Whatever the Diaz regime meant to Mexicans over three decades, his presidency was a blessing for Texans from the outset.  As with former president Antonio Lopez de Santa Anna, Diaz knew that he could not abolish the power of the aristocracy through liberal policies.  Like Santa Anna, Diaz turned away from his liberalist tendencies to develop practical alliances.  Unlike President Santa Anna, however, Diaz knew that the balance of power in North America had shifted toward the United States. He realized that his success in Mexico would depend on maintaining good relations with the Norte Americanos.  He once observed, “Mexico is too far from God and too close to the United States.”

Upon returning to Mexico, Diaz focused his efforts to consolidate his power.  As with every caudillo, he relatively soon, in this process, began to remove those who might later oppose his regime and even enlisted the United States government to help him accomplish it.  Joint Mexican American military operations were organized against hostile Indians, bandits, and rebels (there being little difference between the latter two)[4].

Diaz ruled in Mexico until 1911.  Texans viewed this period as a “golden age” in Mexico.  According to his Anglo backers, he ruled with great wisdom, foresight, and patriotism.  Under Diaz, life in South Texas improved — owing to his unmerciful crackdown on murderous bandits.  Moreover, Diaz believed that there was only one way to rule people when eighty percent were ignorant peasants: with an iron hand.  This worked for Diaz, and it seems to have worked out well for many of his successors, as well.

Herein lies our contrast between Texans and Mexicans: no true Texan will allow anyone to rule him without their consent.  In Mexico, the choice of the people has always been one between order and chaos.  In Texas, the only options are freedom or death.  A Texan will never tolerate tyranny if he understands it exists — a consistent and predominant character trait since 1835.  No two men epitomize this attitude more than Leander (Lee) McNelly or John B. Jones of the Texas Rangers.  Their efforts to remove hostiles, bandits, and murderous thugs from Texas soil became part of the story of Texas and the Texans themselves.

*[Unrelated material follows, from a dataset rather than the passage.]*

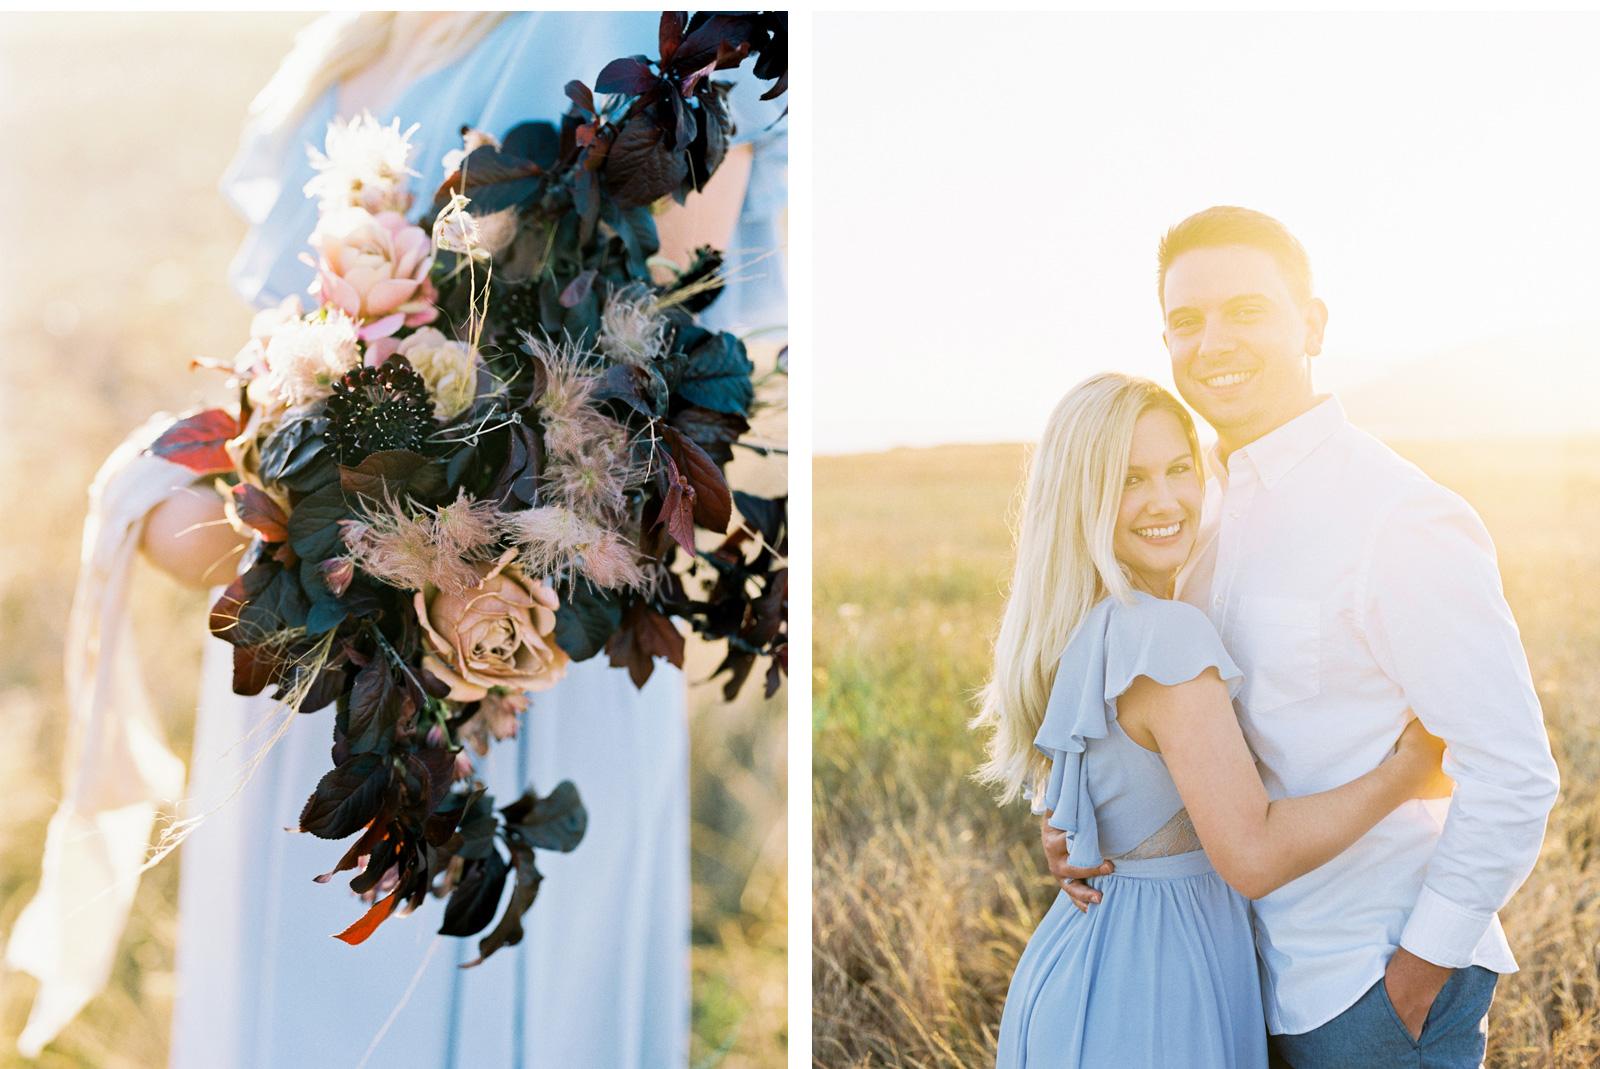 Malibu-Wedding-Photographer-Natalie-Schutt-Photography_02.jpg

McNelly and Jones were widely known in Texas in their own time.  McNelly was widely loved and respected by hard-working farmers and ranchers, Jones less so.  Jones was an East Texas aristocrat, and he acted and dressed the part.  McNelly was a bit on the scruffy side, which is what happens when you spend months on the back of a horse in South Texas.  Jones was described as “small, handsome, and elegant.”  Most Texans couldn’t identify with this kind of Ranger but make no mistake: Jones was not someone to underestimate. 

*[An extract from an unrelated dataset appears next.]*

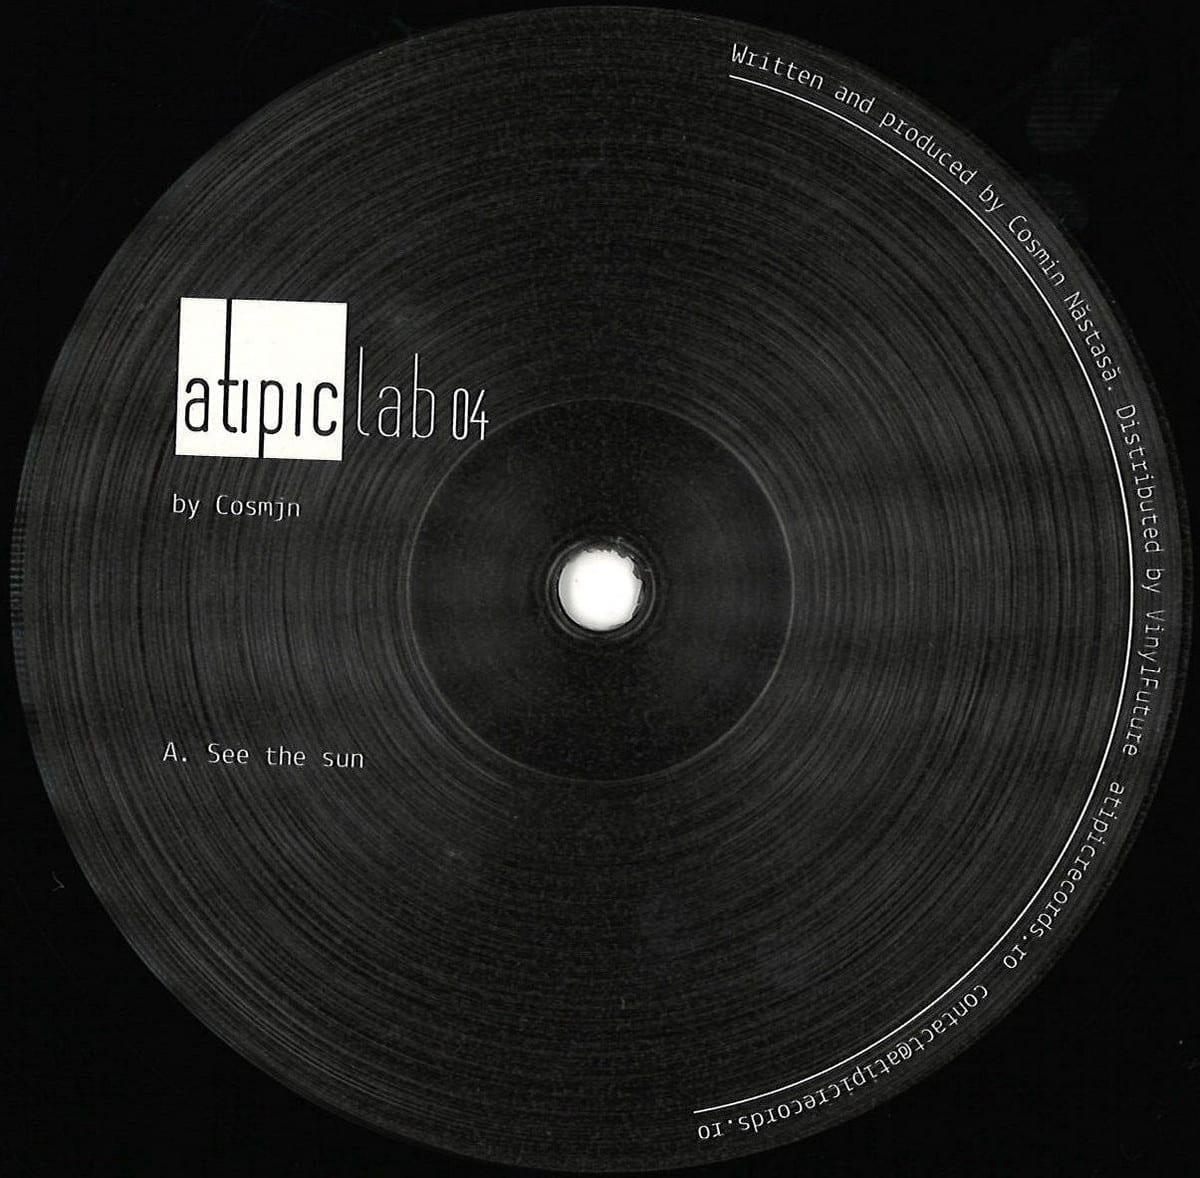 cosmjn - atipic lab 04 [atipiclab] front

By the mid-1870s, Texas endured thirty years of border wars, civil war, reconstruction, Indian depredations, dangerous outlaws, and the emergence of the biggest crooks of all: the cattle barons.  For three decades, the Texas Frontier stood as a clearly defined line, north to south.  Then in 1875, after the Indian Wars, the Texas frontier acquired an immense new dimension in breadth and depth.  Cattle interests, once confined to east and south Texas, seemed to burst outward toward West Texas —and there was nothing about this phenomenon that improved social cohesion in Texas.

Texas Rangers went from fighting hostile Indians and border-area Mexican bandits to policing an enormous frontier area.  Policing was a far more difficult job because, after 1875[5], the “enemy” was not so easily defined[6].

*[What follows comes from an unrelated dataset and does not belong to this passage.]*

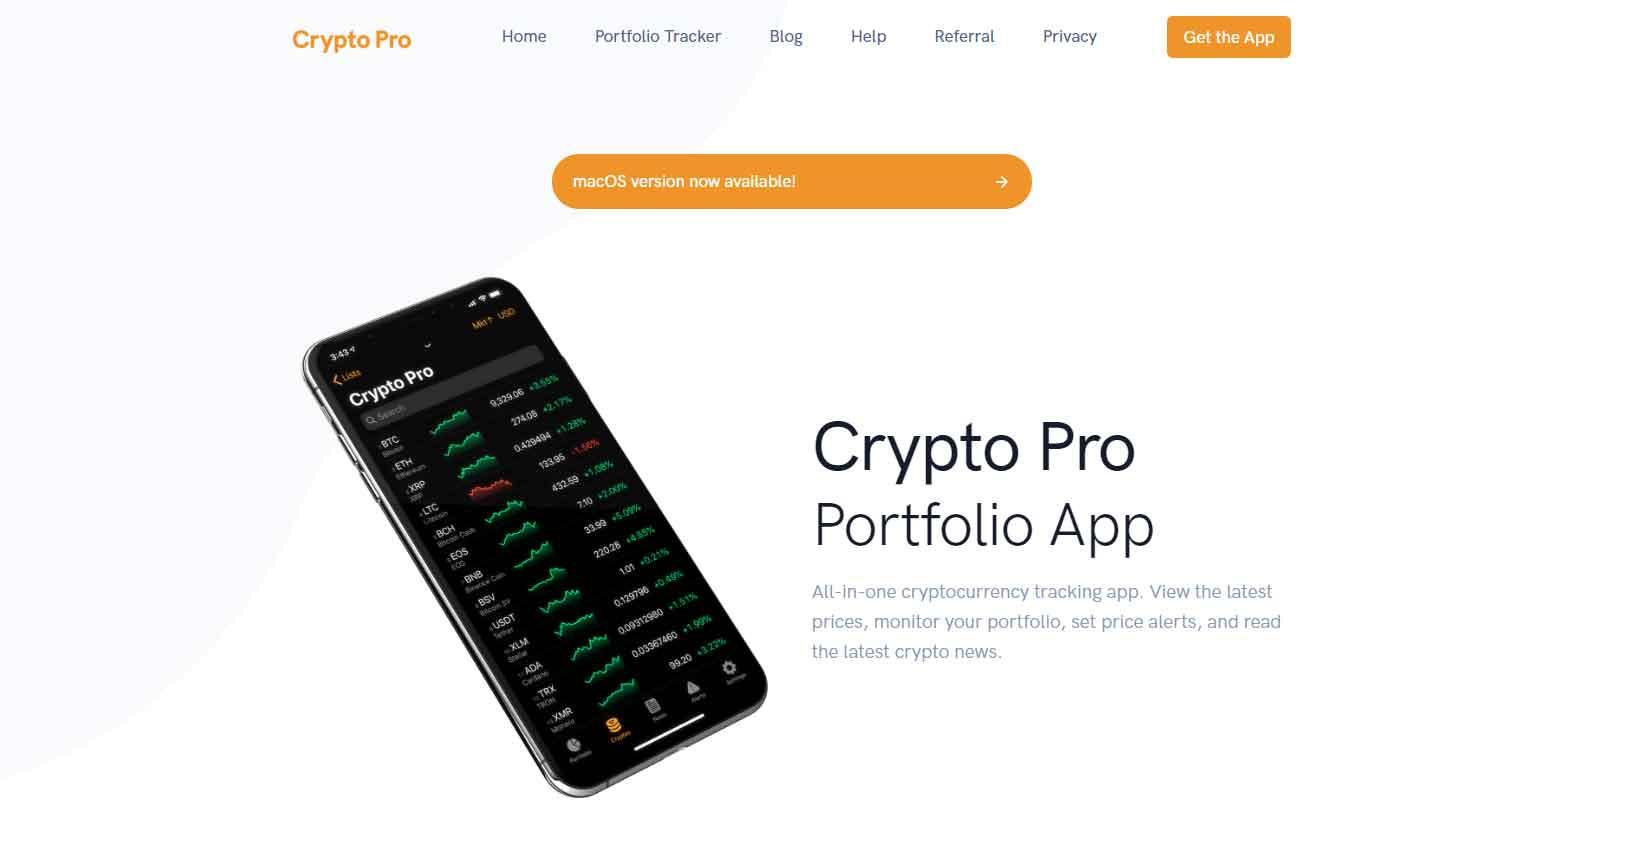 CryptoPro crypto portfolio tracker

As with every former confederate state, the Civil War brought substantial changes to Texas.  Gone were the cotton plantations with Negro slaves, but ignoring the harshness of Reconstruction, almost everyone continued to live as they had in 1860.  Thousands of small farms in east and central Texas continued raising cotton and corn.  Most farmers had a few cows or sheep, some hogs, and domestic fowl.  The smarter folk had gardens to feed themselves; they used corn to provide their livestock and cotton cash.  Because money was scarce, Texans resorted to bartering bacon for denim or smoked hams for flour.  The game was still plentiful in Texas in 1870, of course, so most families served themselves venison, duck, turkey, wild hogs, and squirrels.  Farmers still used oxen to plow their fields, seeds were planted by hand, and furniture for the homestead was handmade.  Texas was rural.  How rural?  It was so rural that the largest county in Texas in 1870 had no economically significant towns.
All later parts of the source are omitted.